Tuesday, October 13, 2009

Theatre week: Day 1

It was a quiet day for me. I felt overall a bit meditative. I didn't really feel too sad-just a bit strange. As most of the men are only in the second act full-length piece, our rehearsal didn't begin until seven thirty this evening. I took class at the ballet, and then I went home and pounded away at the website I'm building.

While doing this I had some time to reflect on the years before. I always have had such an excitement and great anticipation when going into the theatre. It's a sacred place for me-almost spiritual. As I am going into a much different world where it's unsure after this season the next time I'll be on stage, I want to give the theatre the respect it deserves more than I ever have before.

It's interesting when other people start to make note of "the last times" I will do things. For example, my dressing roommate, an old friend from school, realized that this would be the last time we would be sharing a dressing room together. It's crazy to think of how much simple things such as a dressing roommate have become a large part of my professional experience. I will greatly miss these simple things.

The rehearsal went well. I took the notes I was given less personally than I would have in the past(not that they were anything to take offense to,) but oftentimes, we as artists get taken aback by things such as notes. It's sometimes a response to how they're given, but this time I simply felt quiet and calm in the realization that there was no need to do anything but take the note and just do what was asked of me. After all, these are all the last notes I will ever receive for a Fall season series with the Kansas City Ballet. Interesting...

Monday, October 12, 2009

Performance Week.

Tomorrow I go into the theatre for "performance week." I always get excited to get into the dressing room and go through my theatre rituals. I have a suitcase that serves as my "theatre case." In it I have my tackle box of stage makeup of course, but I have memorabilia that goes back the length of my career. There are trinkets and worthless pieces of stuff without which I couldn't function-the show simply wouldn't go on-HA!

The superstitions that go with performing are funny. Everyone is different in their traditions. I'm not a superstitious guy to the point where I completely freak out if everything is not in place, but I have always held to certain traditions. I am proud to be a link in the great chain of artists who have been adhering these traditions for years-i.e. no whistling in the theatre, not saying the name of the "Scottish Play," etc.

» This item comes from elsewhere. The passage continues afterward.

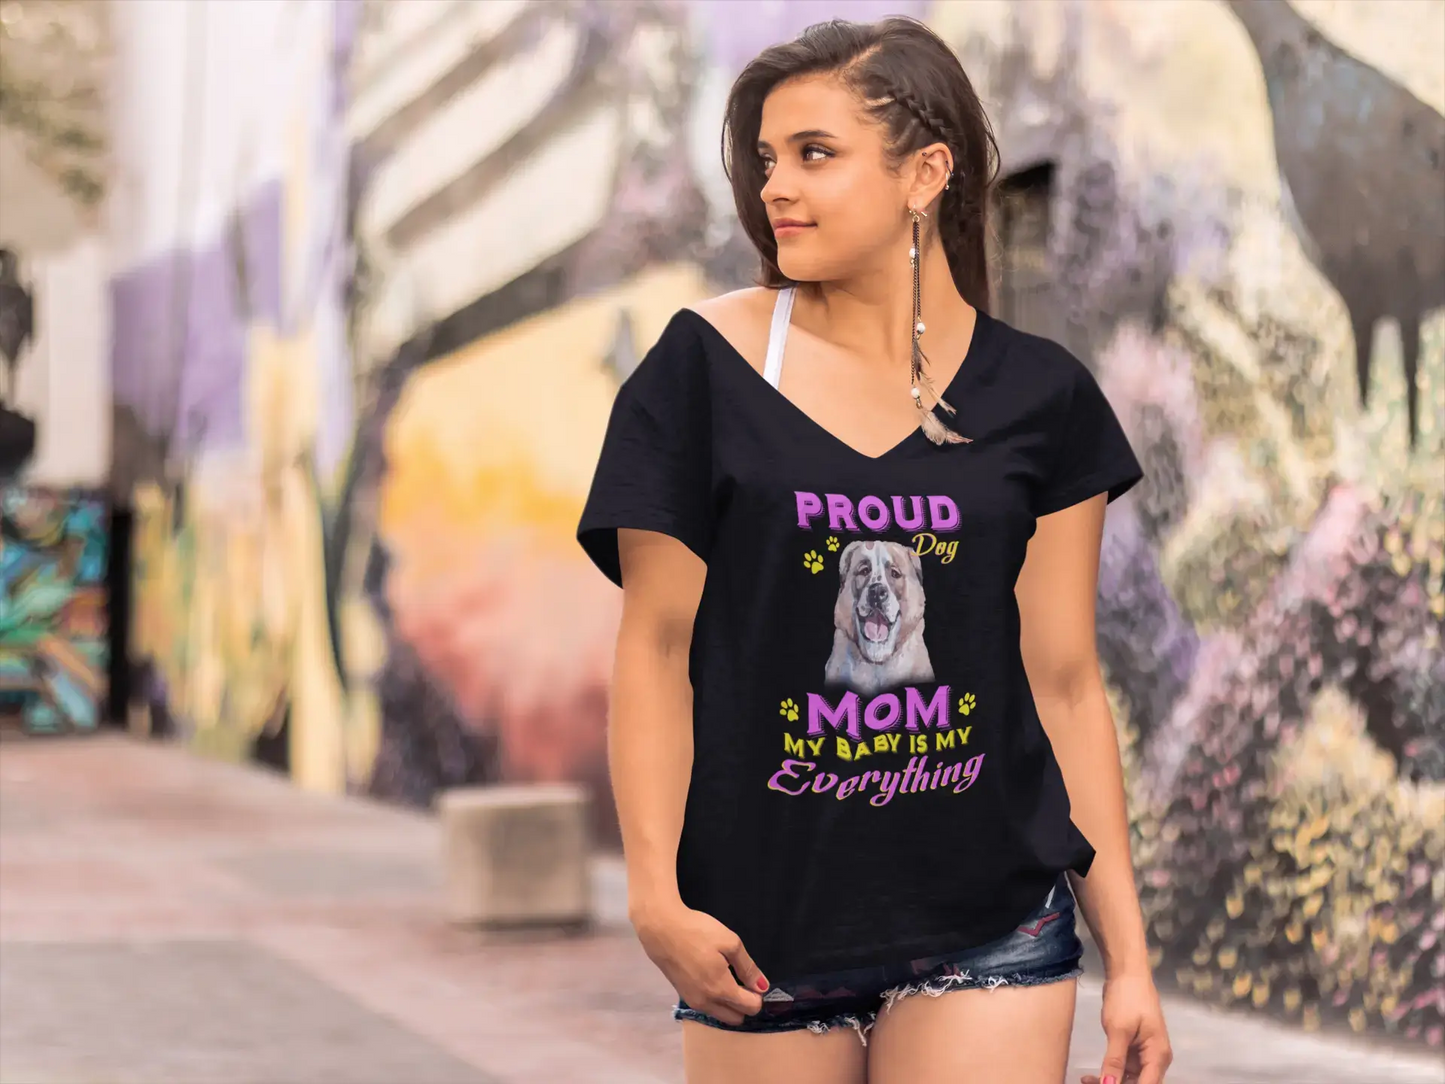 ULTRABASIC Women's T-Shirt Proud Day - Alabai Dog Mom - My Baby is My Everything
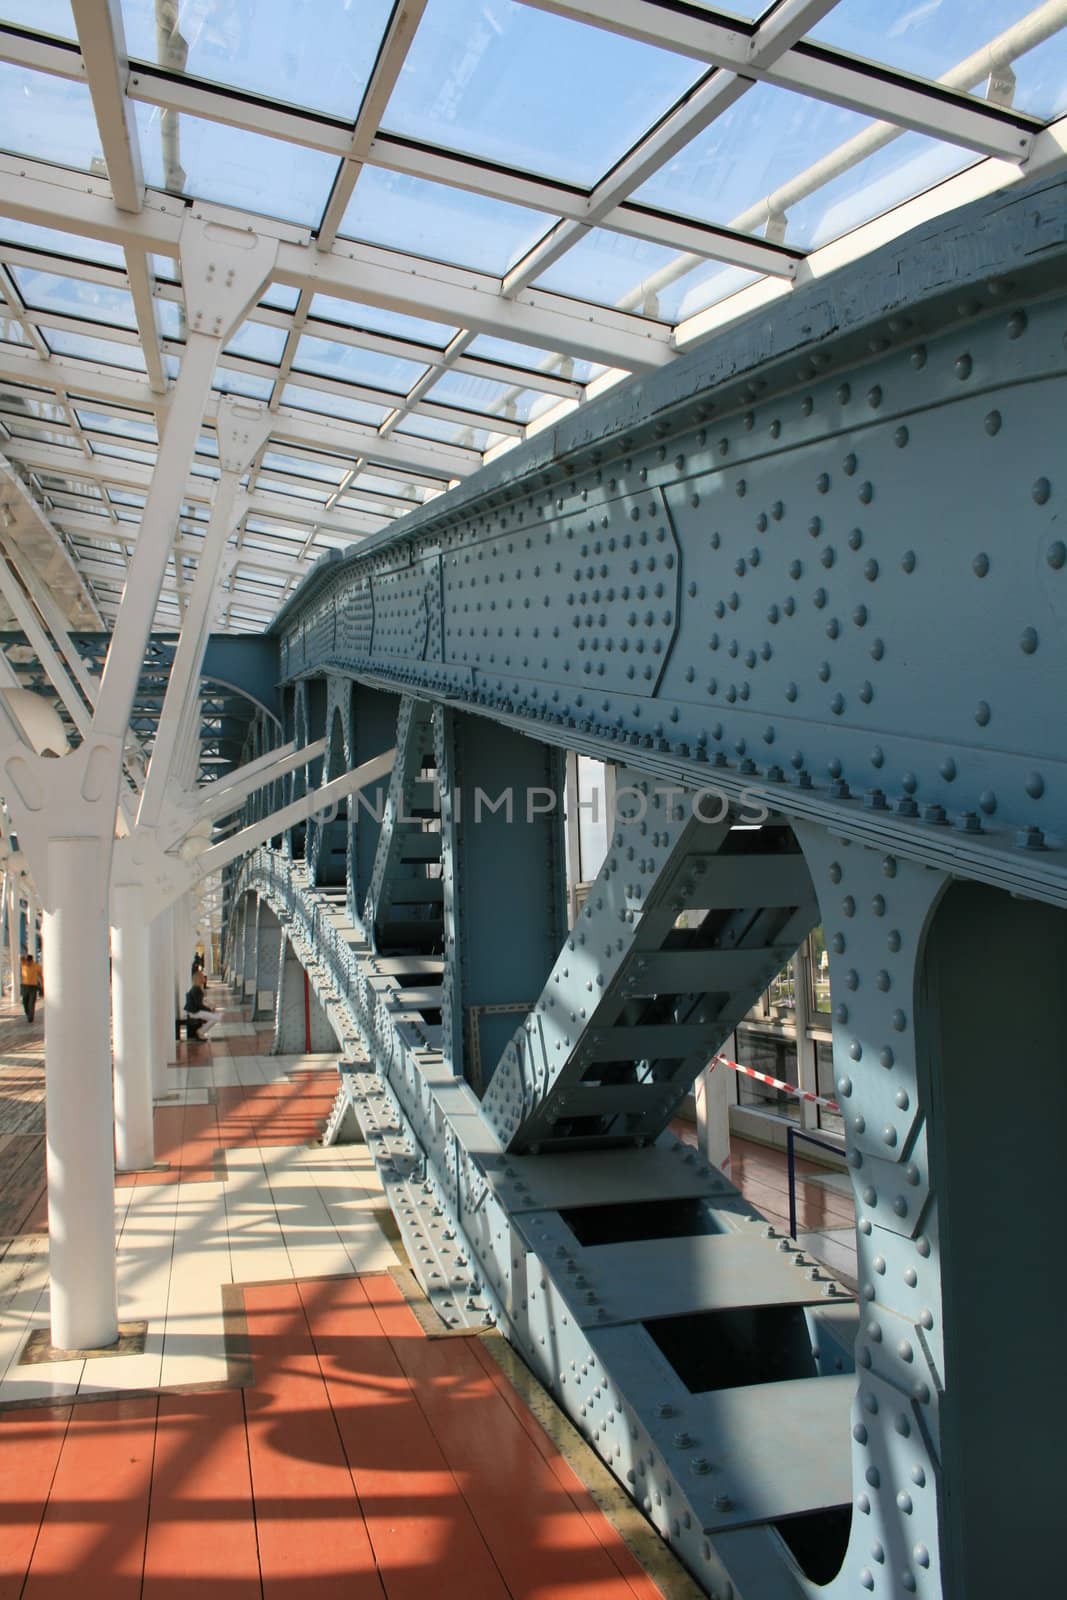 Metal details of the bridge

I am holding my breath as to how this last fall theatre week will go. I don't think I'll be a complete weepy mess, but I am prepared in case I am wrong. I am excited to be back on stage because this has been the longest time I have been off of it for a while. It's been about five months. I can't wait to hear the applause-even knowing it doesn't belong to me individually. I can't wait to feel the lights and sense the energy from the audience to the dancers and then back out to the audience. There is an electrifying love affair between the audience and the performer that I cannot explain. I'm thrilled to feel it again.

Friday, October 9, 2009

Passing the torch.

This week is theatre week. On Thursday, I will perform my last Fall Season opening night. I feel that things will really begin to snowball from then on.

This week, I had the opportunity to watch a rehearsal of a young couple who will be dancing a pas de deux in the show. I found myself getting a bit teary-eyed. I know I've spoken about my emotions while watching my colleagues from my "sense of pride" point of view, but his time was different. I found myself thinking about how we as artists "pass the torch" onto the younger artists. It is humbling to think how fast my seasons have gone by. I remember being the age these two dancers are and doing my first principal roles. It was such a surreal experience. I didn't know if I deserved the opportunities-I just did my best. I was too naive to be nervous or worry what other dancers thought of my getting cast over them at such an early age.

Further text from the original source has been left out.